# [Work instruction]
Copy the lines below word for word, skipping any image.

##### Recorded information #####

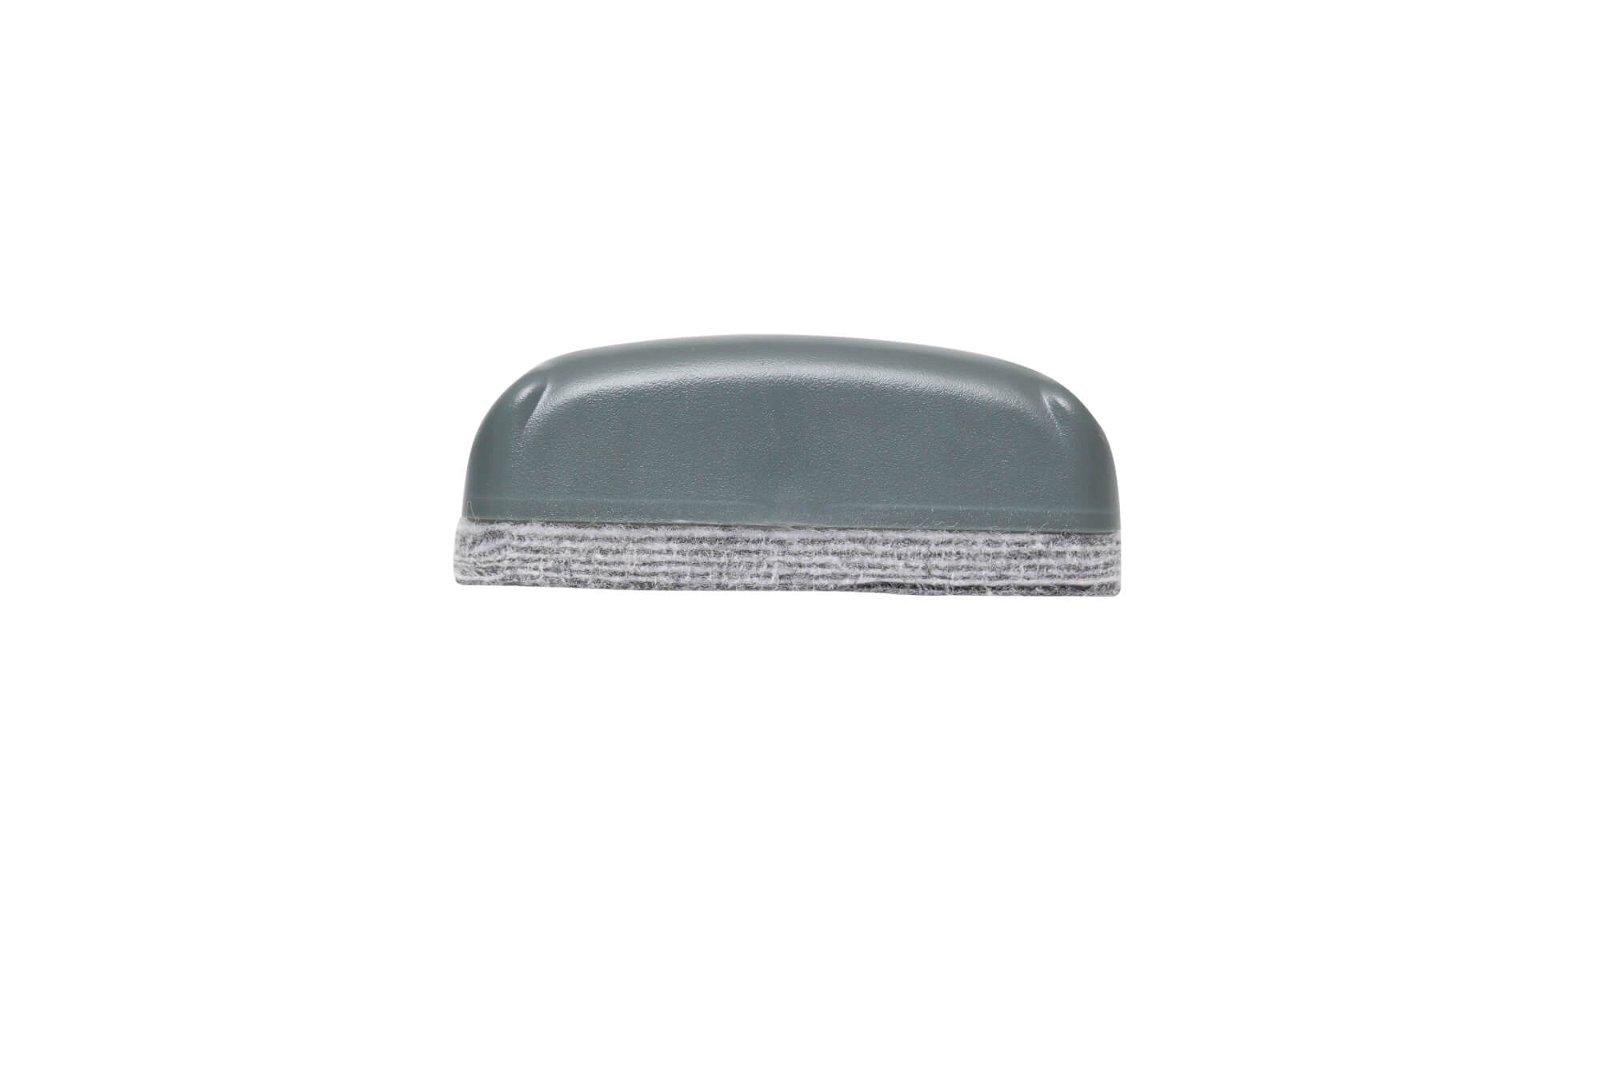 Tafelwischer, 12-lagiges Vlies, 9,4 x 4,9 cm, grau
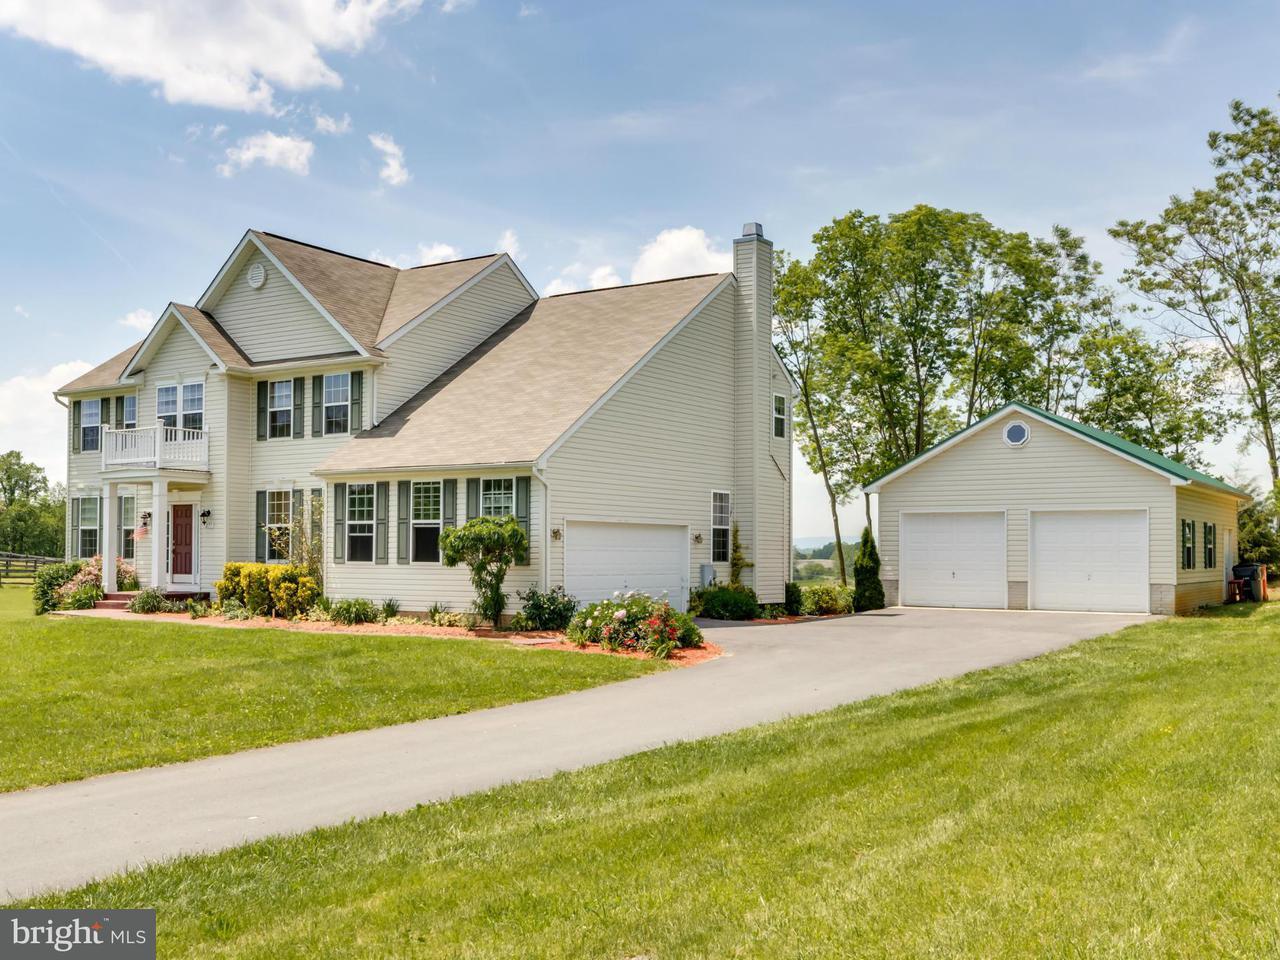 Частный односемейный дом для того Продажа на 277 PASO CORTO Drive 277 PASO CORTO Drive Kearneysville, Западная Виргиния 25430 Соединенные Штаты
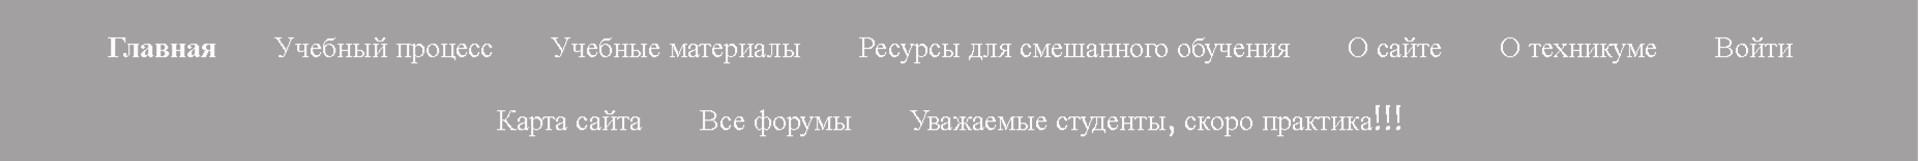 smirnova3

#####

# [Reply]
 Tafelwischer, 12-lagiges Vlies, 9,4 x 4,9 cm, grau
 Частный односемейный дом для того Продажа на 277 PASO CORTO Drive 277 PASO CORTO Drive Kearneysville, Западная Виргиния 25430 Соединенные Штаты
 smirnova3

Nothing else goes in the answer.